[Provided material]

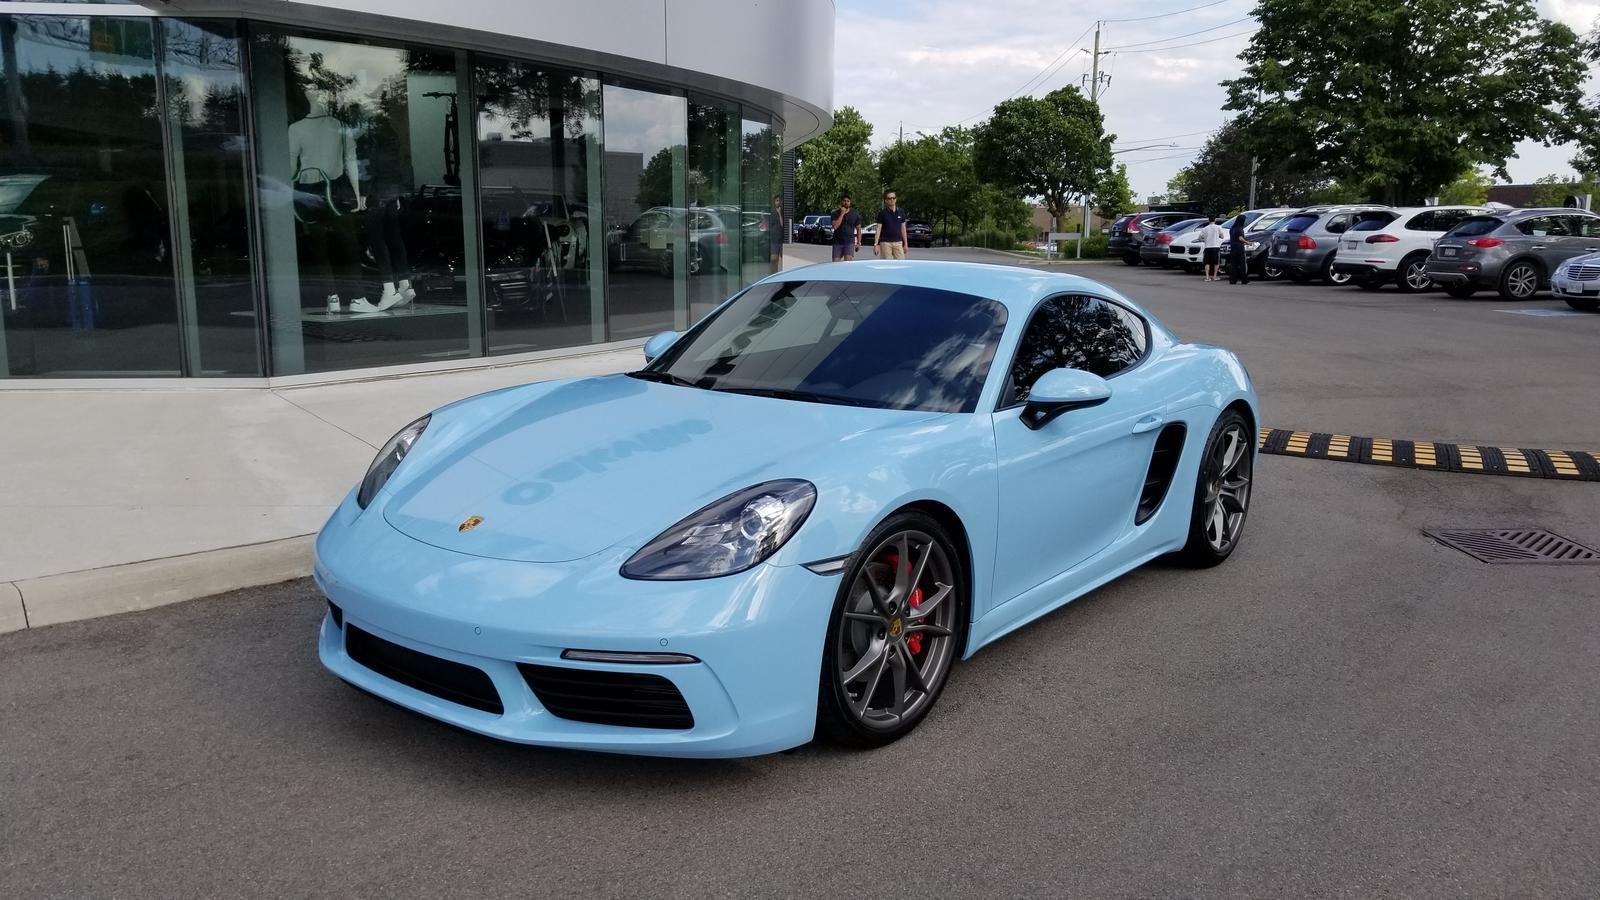 718 Cayman S In Pts Gulf Blue Rennlist Porsche Discussion Forums Cayman S Porsche Porsche Cayman S
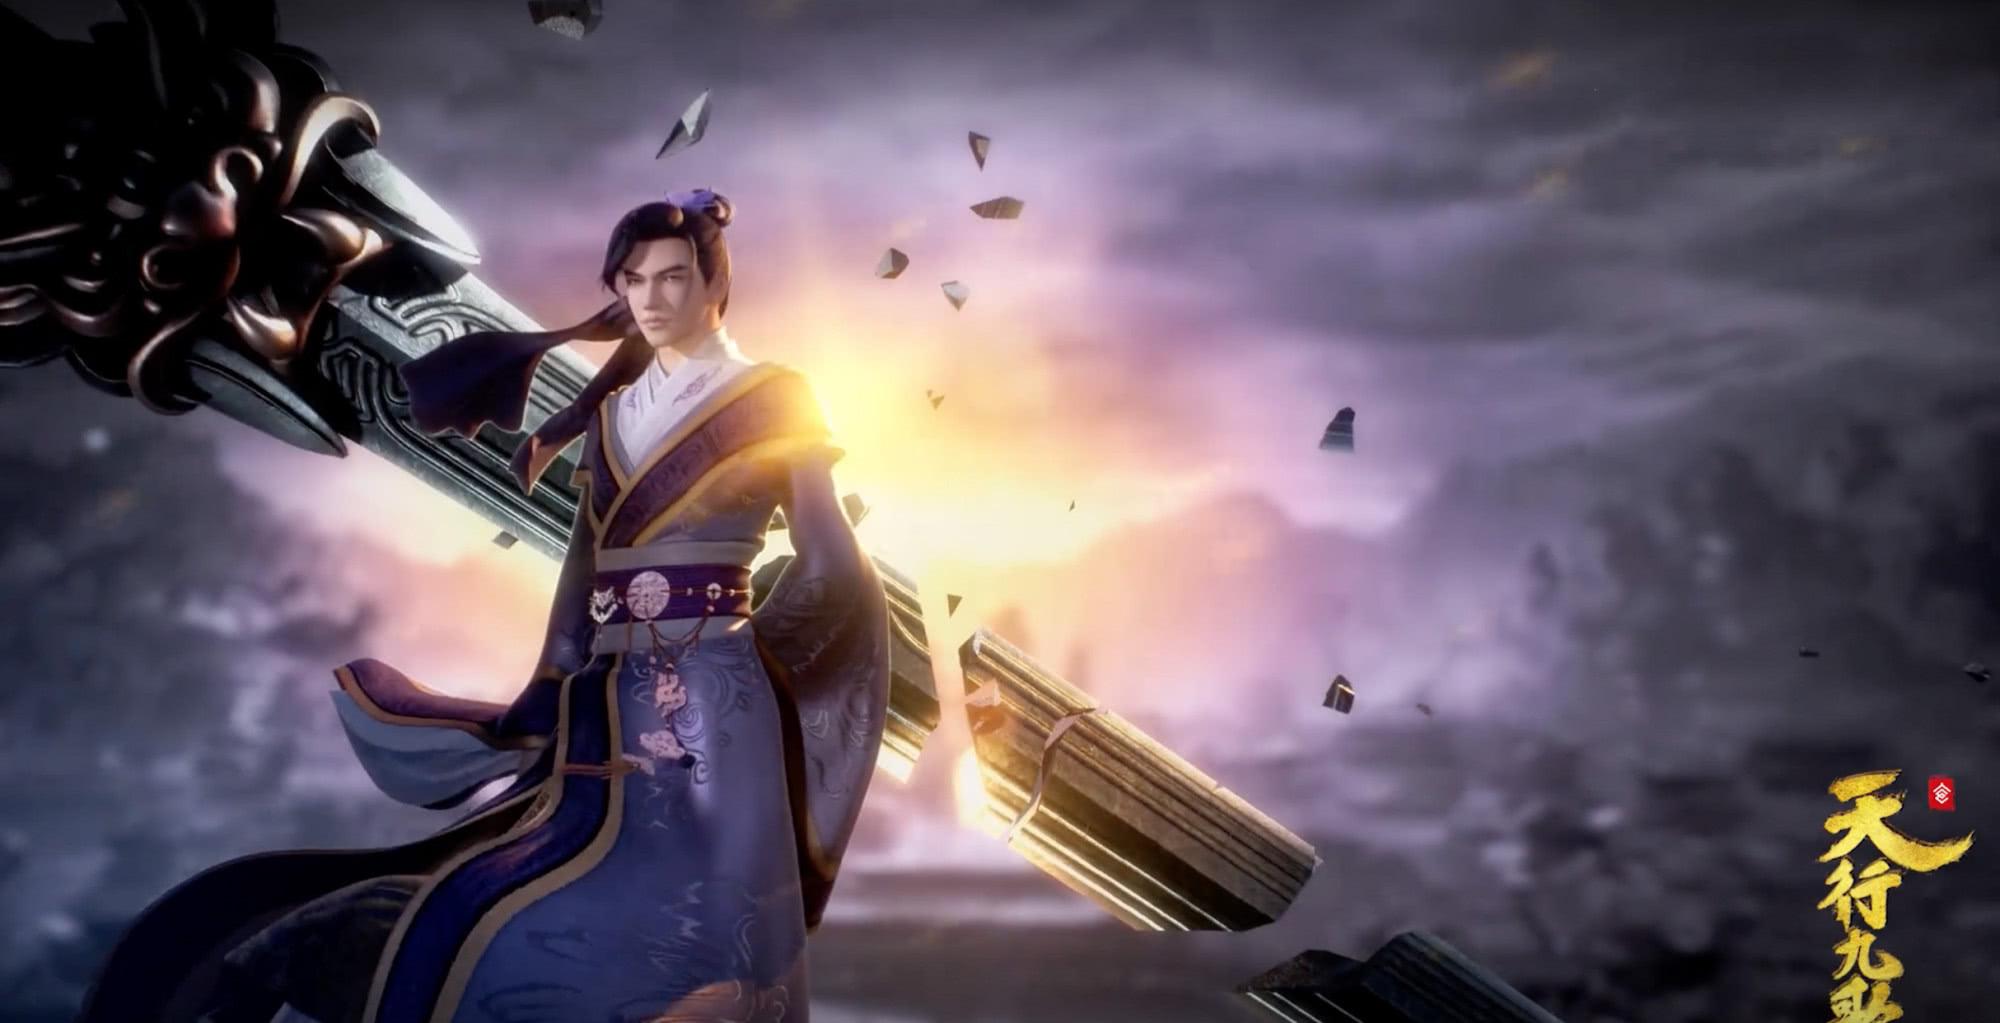 天行九歌官方情报:手持逆鳞剑的韩非,实力比卫庄还要强大
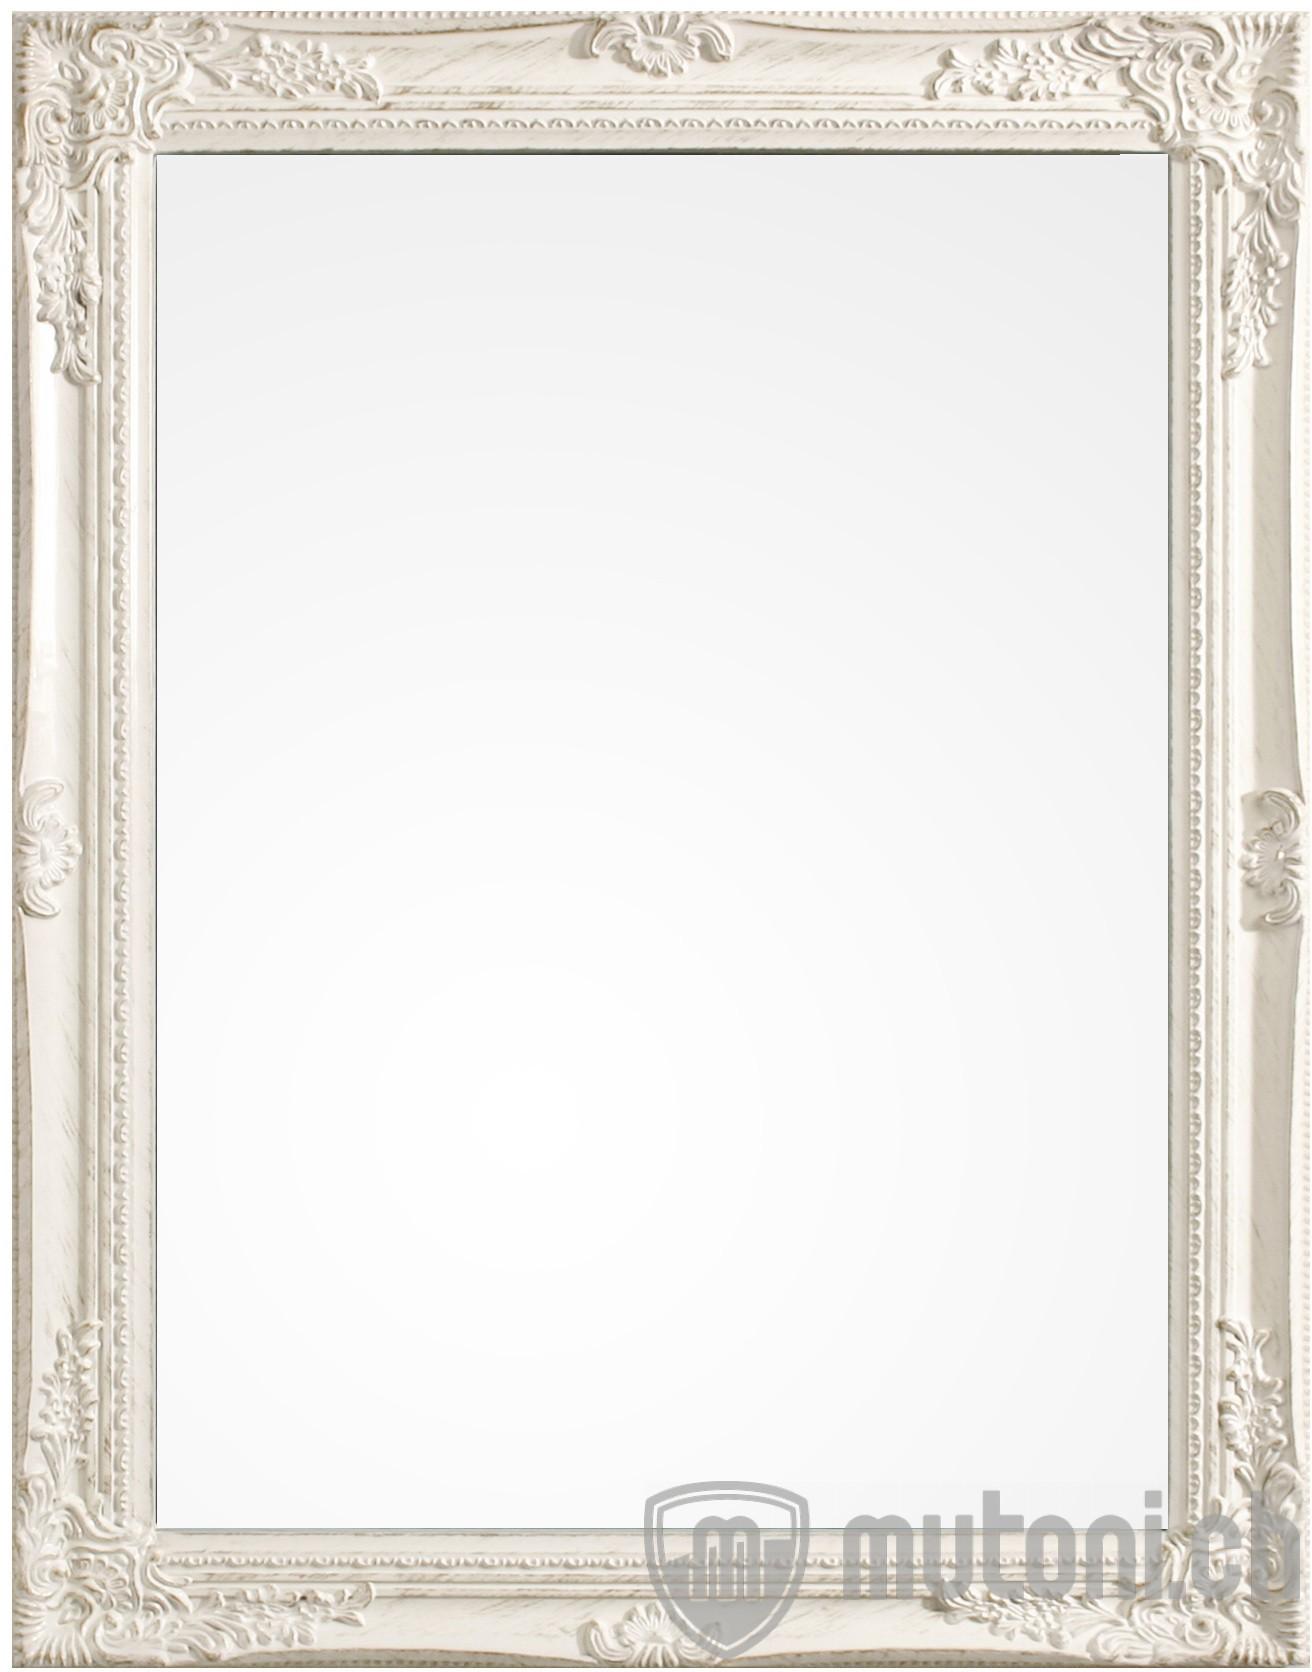 spiegel miro mit rahmen weiss 62x82 wandspiegel spiegel accessoires mutoni m bel. Black Bedroom Furniture Sets. Home Design Ideas
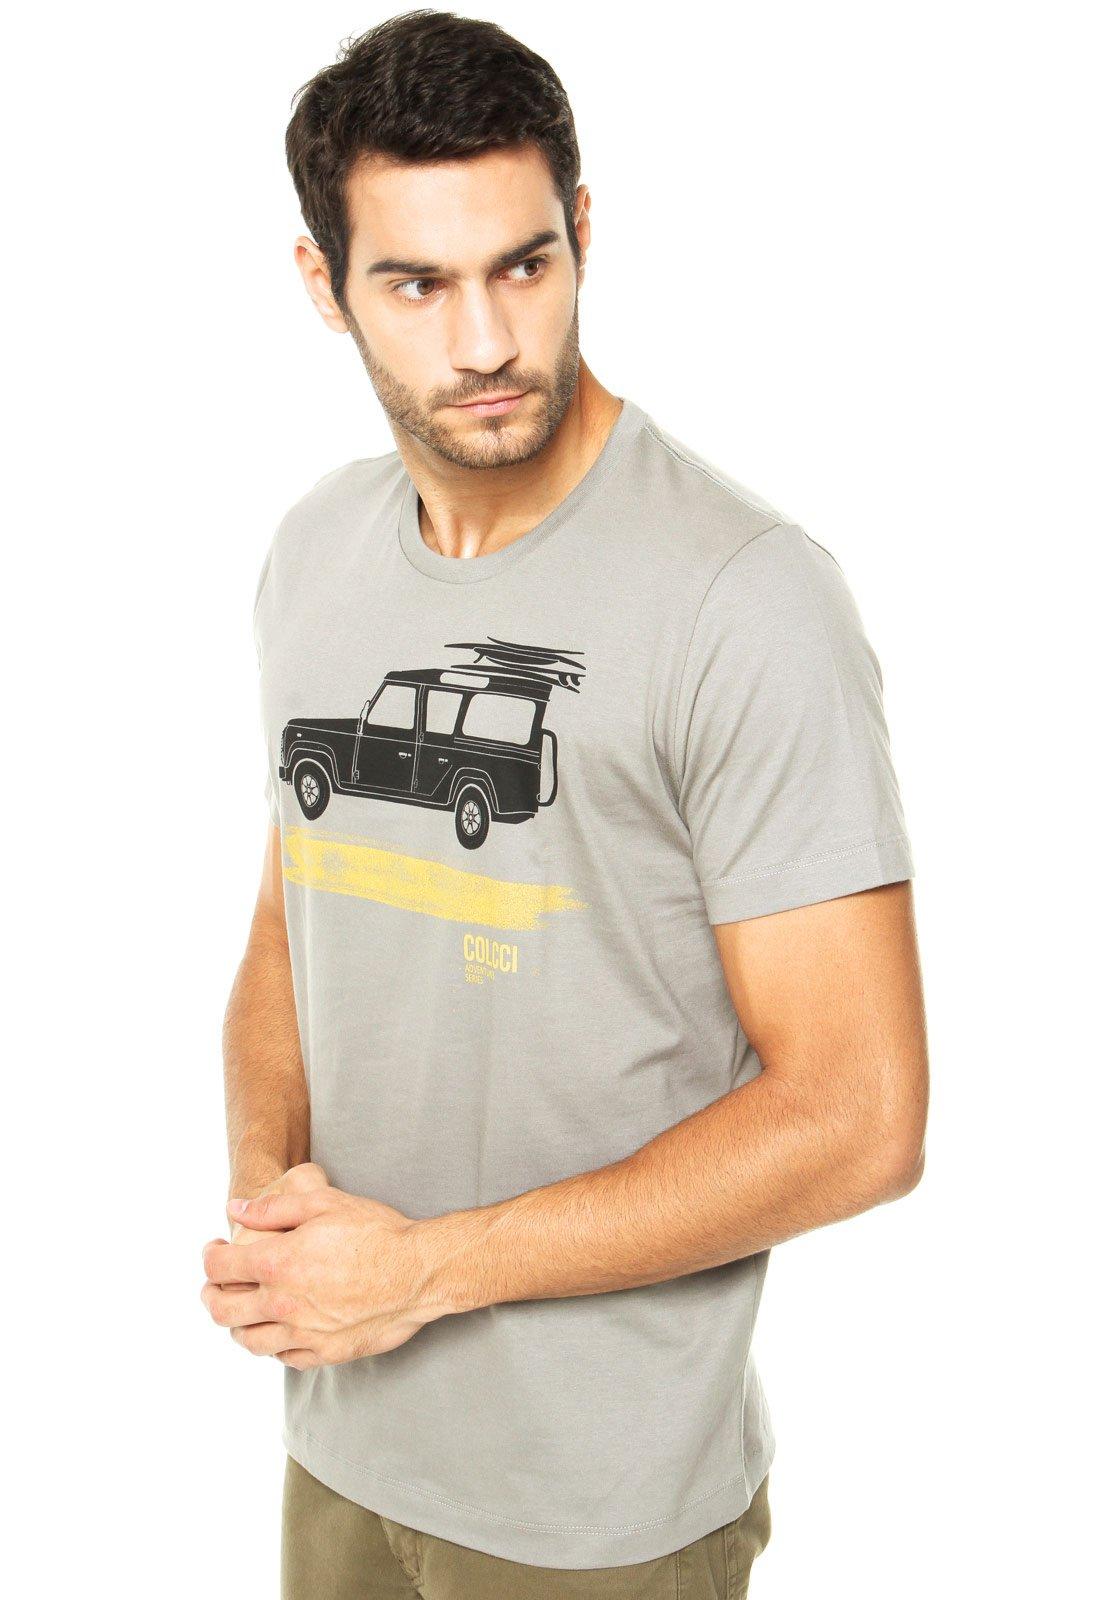 Colcci-Camiseta-Colcci-Trip-Cinza-9479-9

[/Provided material]

Transcribe the full listing above exactly as it stands, minus the pictures.

> _The answer_
 718 Cayman S In Pts Gulf Blue Rennlist Porsche Discussion Forums Cayman S Porsche Porsche Cayman S
 天行九歌官方情报:手持逆鳞剑的韩非,实力比卫庄还要强大
 spiegel miro mit rahmen weiss 62x82 wandspiegel spiegel accessoires mutoni m bel. Black Bedroom Furniture Sets. Home Design Ideas
 Colcci-Camiseta-Colcci-Trip-Cinza-9479-9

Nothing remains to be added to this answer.